- [ACTION ITEM]:
Pictures are to be omitted; everything else in the data must be transcribed exactly.

- [DATA SHOWN]:

=== Begin Enclosure ===

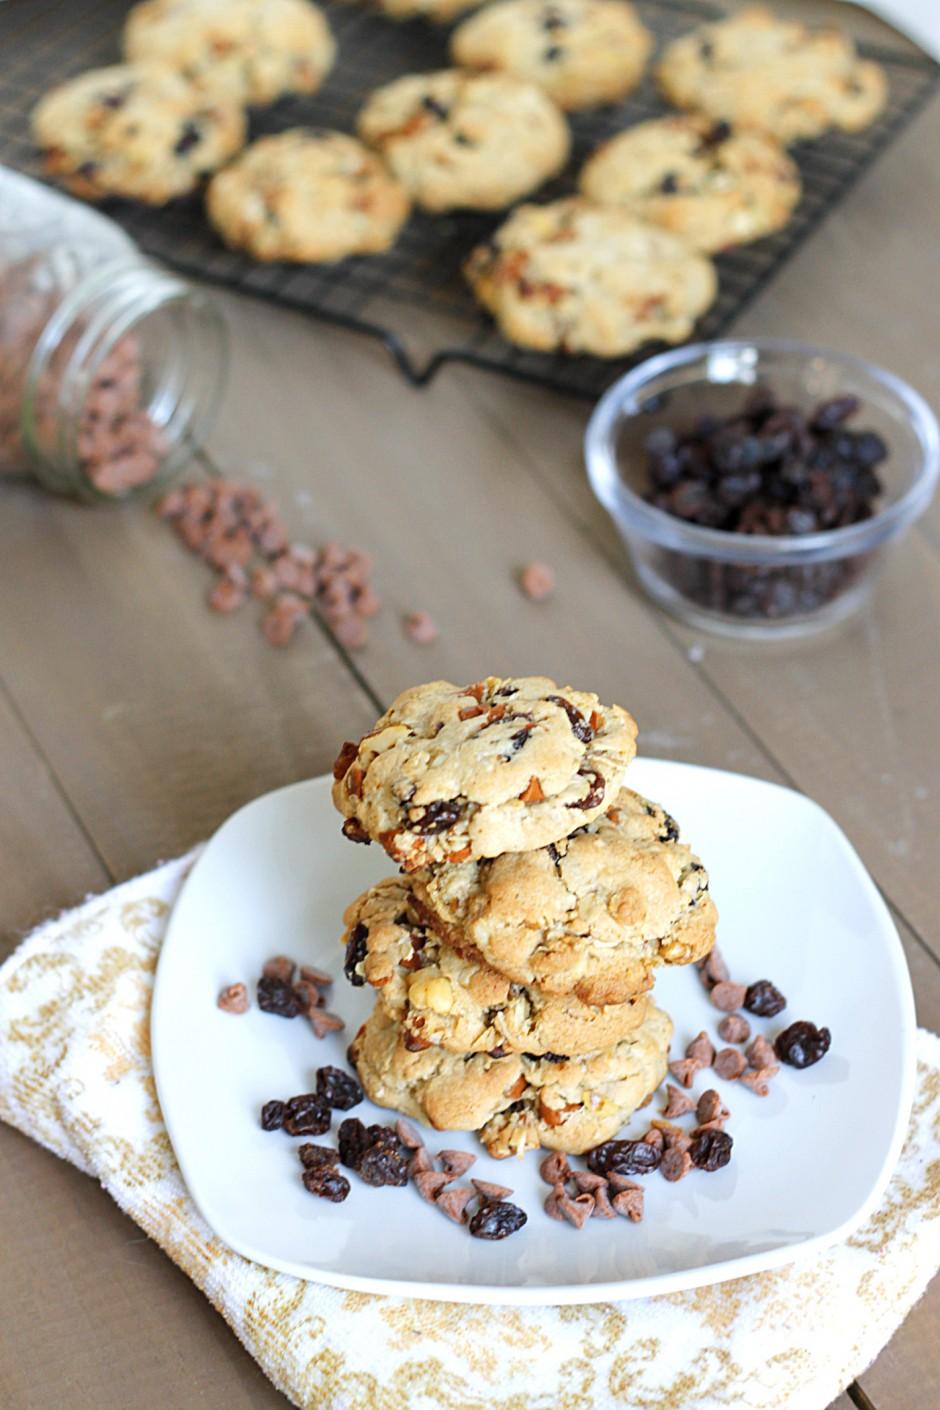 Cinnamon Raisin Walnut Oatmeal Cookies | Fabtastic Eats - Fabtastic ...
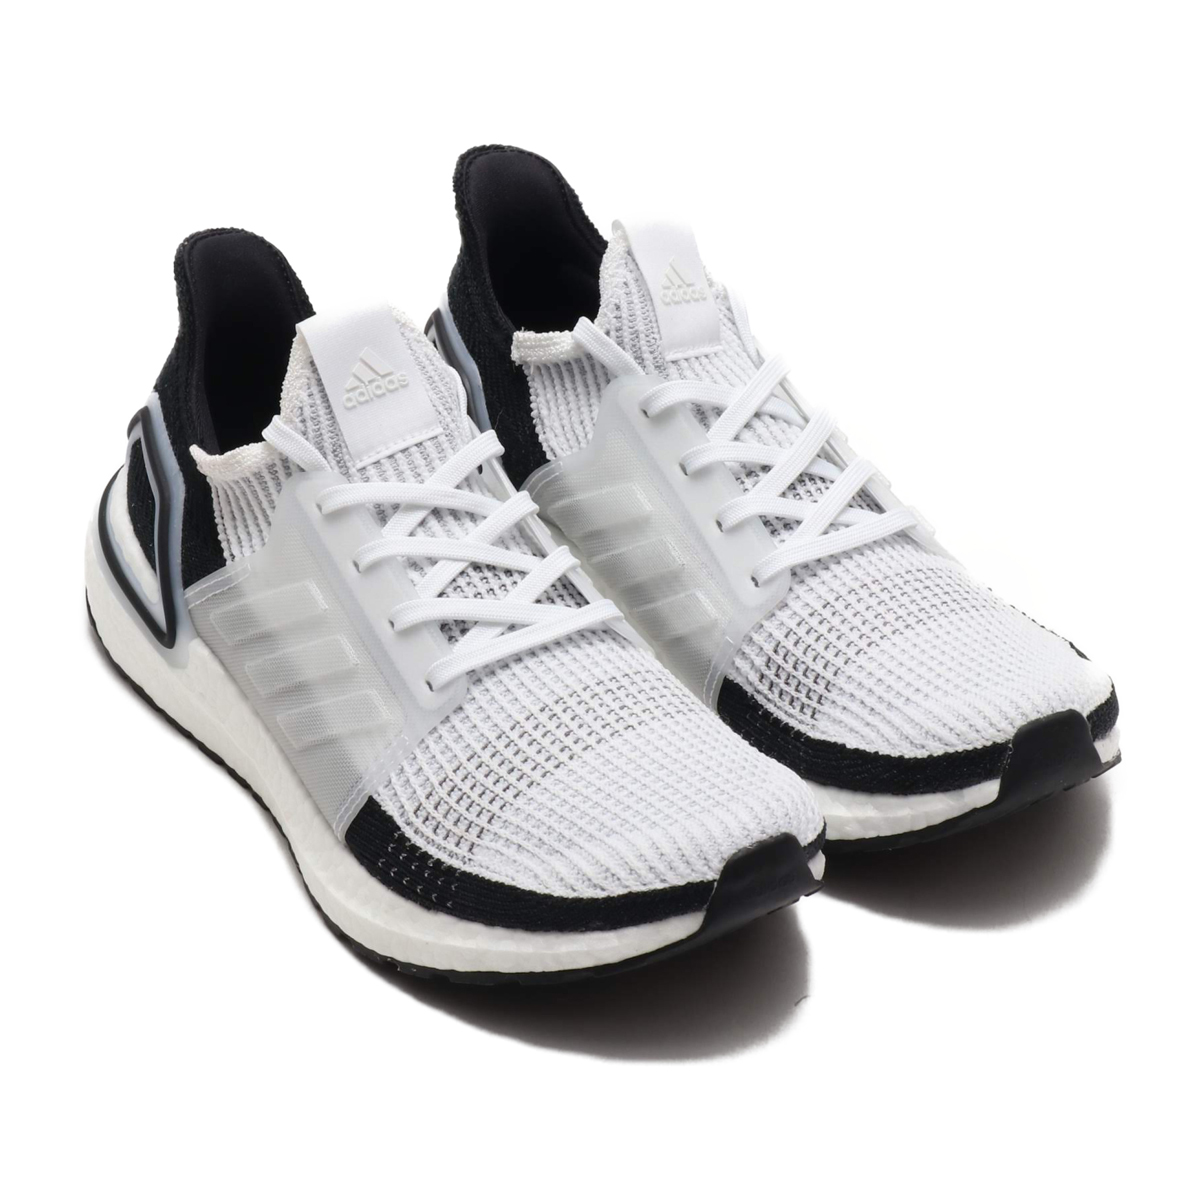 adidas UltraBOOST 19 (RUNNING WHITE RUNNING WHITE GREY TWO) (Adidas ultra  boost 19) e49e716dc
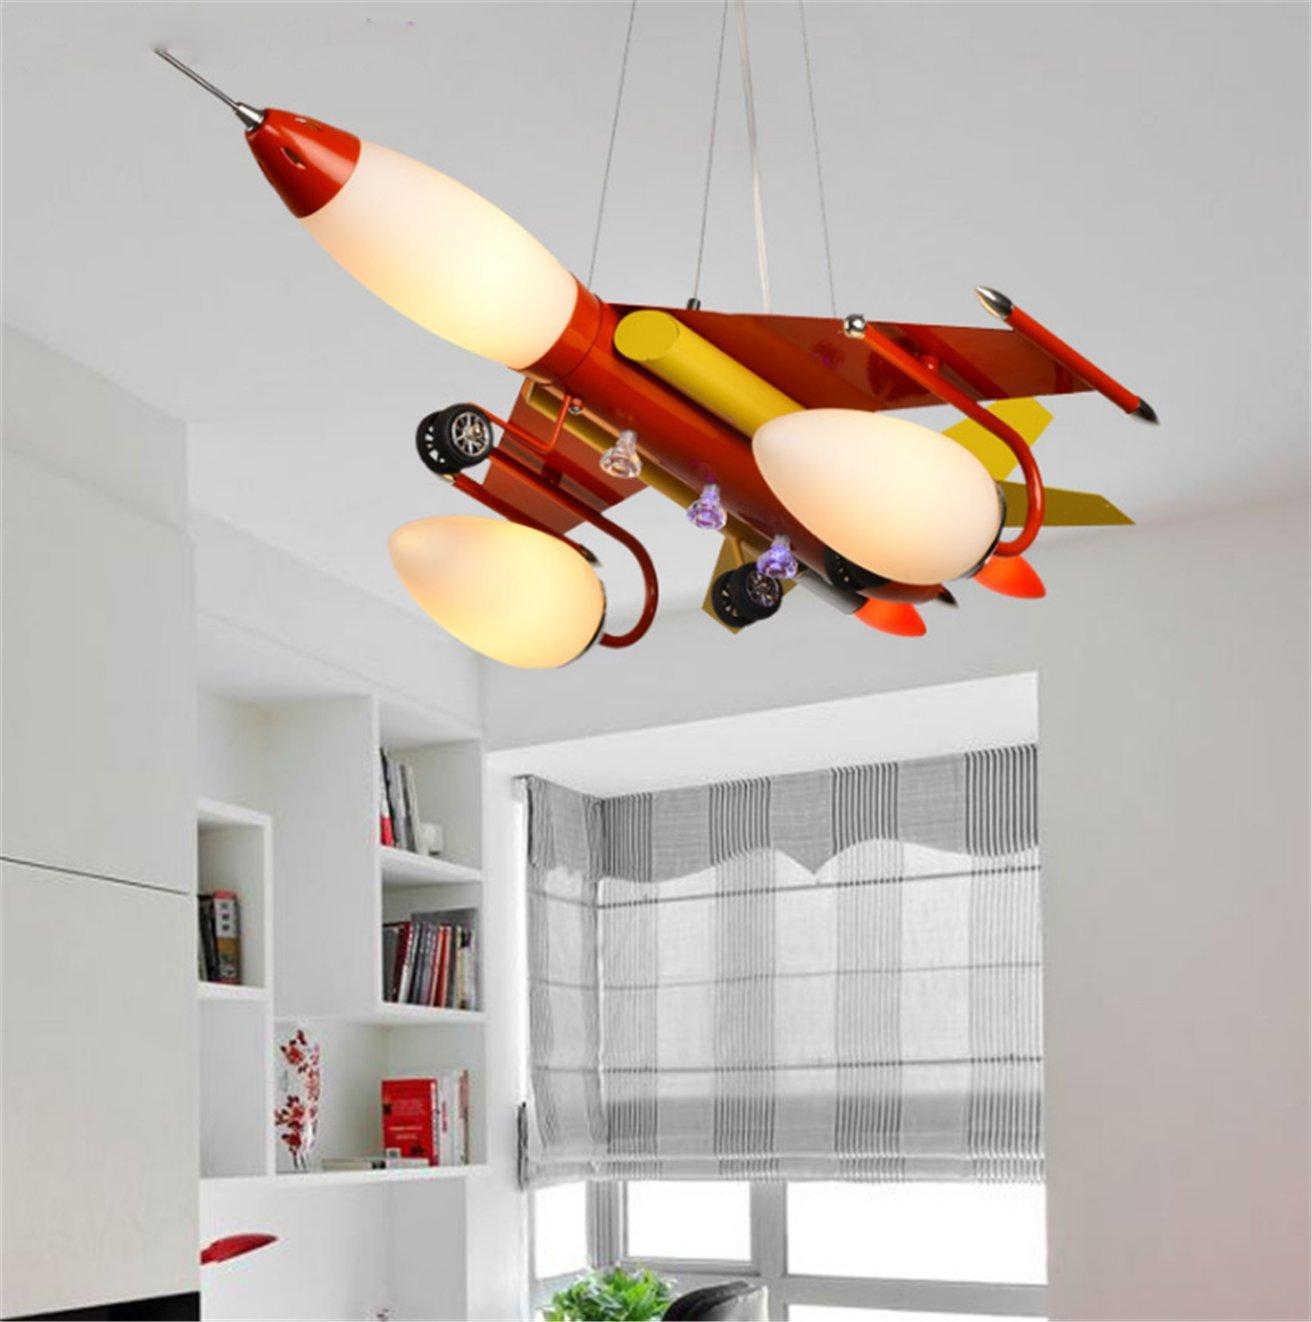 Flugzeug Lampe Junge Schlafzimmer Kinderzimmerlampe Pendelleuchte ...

=== End Enclosure ===

- [SOLVED EXERCISE]:
 Cinnamon Raisin Walnut Oatmeal Cookies | Fabtastic Eats - Fabtastic ...
 adidas UltraBOOST 19 (RUNNING WHITE RUNNING WHITE GREY TWO) (Adidas ultra  boost 19) e49e716dc
 Flugzeug Lampe Junge Schlafzimmer Kinderzimmerlampe Pendelleuchte ...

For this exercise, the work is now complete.